The “Tobacco Products and Electronic Delivery Systems Control Bill” aims to “reduce the incidence of tobacco-related illness, disability and death”, however given the harsh restrictions it imposes on safer nicotine alternatives, it will do the exact opposite of what it aims to do.
South Arica’s controversial “Tobacco Products and Electronic Delivery Systems Control Bill“, has ignited significant public backlash due to its proposed prohibitions, price hikes, and harsh penalties. The bill aims to ban the display of tobacco and vape products in retail settings, including in specialty tobacco stores. It brings about substantial price increases for cigarettes, as well as for safer nicotine alternatives and sets a new sin tax on all nicotine products.

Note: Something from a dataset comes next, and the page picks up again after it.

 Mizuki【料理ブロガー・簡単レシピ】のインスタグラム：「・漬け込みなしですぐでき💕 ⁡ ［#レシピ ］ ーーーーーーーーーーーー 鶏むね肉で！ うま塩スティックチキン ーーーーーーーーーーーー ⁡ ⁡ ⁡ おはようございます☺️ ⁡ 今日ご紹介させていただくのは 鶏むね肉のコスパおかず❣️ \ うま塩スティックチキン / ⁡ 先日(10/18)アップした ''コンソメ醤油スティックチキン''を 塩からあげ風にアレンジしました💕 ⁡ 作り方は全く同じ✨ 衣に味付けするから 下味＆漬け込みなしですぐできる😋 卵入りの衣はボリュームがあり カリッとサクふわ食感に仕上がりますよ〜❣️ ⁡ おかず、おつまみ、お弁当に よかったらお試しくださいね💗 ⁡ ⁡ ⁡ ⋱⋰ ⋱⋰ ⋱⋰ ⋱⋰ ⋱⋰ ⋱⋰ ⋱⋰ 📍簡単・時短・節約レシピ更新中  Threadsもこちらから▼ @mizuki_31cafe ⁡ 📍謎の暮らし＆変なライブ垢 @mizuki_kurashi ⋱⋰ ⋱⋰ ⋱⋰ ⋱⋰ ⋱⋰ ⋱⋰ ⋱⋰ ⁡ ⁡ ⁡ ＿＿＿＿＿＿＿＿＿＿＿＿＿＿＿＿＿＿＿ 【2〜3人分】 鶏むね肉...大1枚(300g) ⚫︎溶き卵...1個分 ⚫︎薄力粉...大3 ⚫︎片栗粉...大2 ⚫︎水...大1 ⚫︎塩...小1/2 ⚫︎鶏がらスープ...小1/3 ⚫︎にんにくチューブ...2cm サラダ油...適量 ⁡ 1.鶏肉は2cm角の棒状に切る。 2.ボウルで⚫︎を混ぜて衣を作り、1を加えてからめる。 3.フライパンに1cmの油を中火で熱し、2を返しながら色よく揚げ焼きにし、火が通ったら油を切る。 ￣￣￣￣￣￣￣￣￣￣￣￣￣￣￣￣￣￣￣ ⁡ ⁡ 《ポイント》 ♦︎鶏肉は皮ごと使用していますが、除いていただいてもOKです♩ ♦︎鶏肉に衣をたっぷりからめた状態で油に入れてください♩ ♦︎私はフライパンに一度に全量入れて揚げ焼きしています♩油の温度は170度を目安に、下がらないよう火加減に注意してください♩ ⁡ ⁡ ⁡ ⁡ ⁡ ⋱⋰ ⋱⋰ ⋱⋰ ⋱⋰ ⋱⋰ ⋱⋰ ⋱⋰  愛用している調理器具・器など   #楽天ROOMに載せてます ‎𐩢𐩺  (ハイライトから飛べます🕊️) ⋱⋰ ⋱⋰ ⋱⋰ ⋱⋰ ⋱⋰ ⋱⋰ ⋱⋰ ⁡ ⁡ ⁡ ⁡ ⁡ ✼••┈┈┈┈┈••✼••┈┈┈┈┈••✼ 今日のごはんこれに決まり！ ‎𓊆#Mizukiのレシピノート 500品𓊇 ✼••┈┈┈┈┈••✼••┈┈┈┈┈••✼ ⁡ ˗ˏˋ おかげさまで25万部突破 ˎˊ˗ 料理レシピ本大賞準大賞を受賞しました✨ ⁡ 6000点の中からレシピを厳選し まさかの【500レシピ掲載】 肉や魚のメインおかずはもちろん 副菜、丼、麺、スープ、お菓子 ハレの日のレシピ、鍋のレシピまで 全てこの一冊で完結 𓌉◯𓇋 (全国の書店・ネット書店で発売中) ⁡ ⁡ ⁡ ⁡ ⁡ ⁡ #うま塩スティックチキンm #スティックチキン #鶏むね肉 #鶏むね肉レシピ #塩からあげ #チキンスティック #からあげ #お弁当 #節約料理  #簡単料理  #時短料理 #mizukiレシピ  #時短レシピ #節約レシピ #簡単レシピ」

Tobacco harm reduction (THR) experts have incessantly argued that the bill unfairly lumps electronic delivery systems, including vapes, with traditional tobacco, hindering harm reduction efforts. Vape advocates, such as Tshepo Ranko and Dr. Kgosi Letlape, express concerns over this approach, emphasizing the ethical responsibility to provide information on harm reduction products to smokers seeking safer alternatives. As the president of the African Harm Reduction Alliance, Letlape worries that the bill marginalizes nicotine users, including those who have chosen vaping as a safer alternative to cigarettes.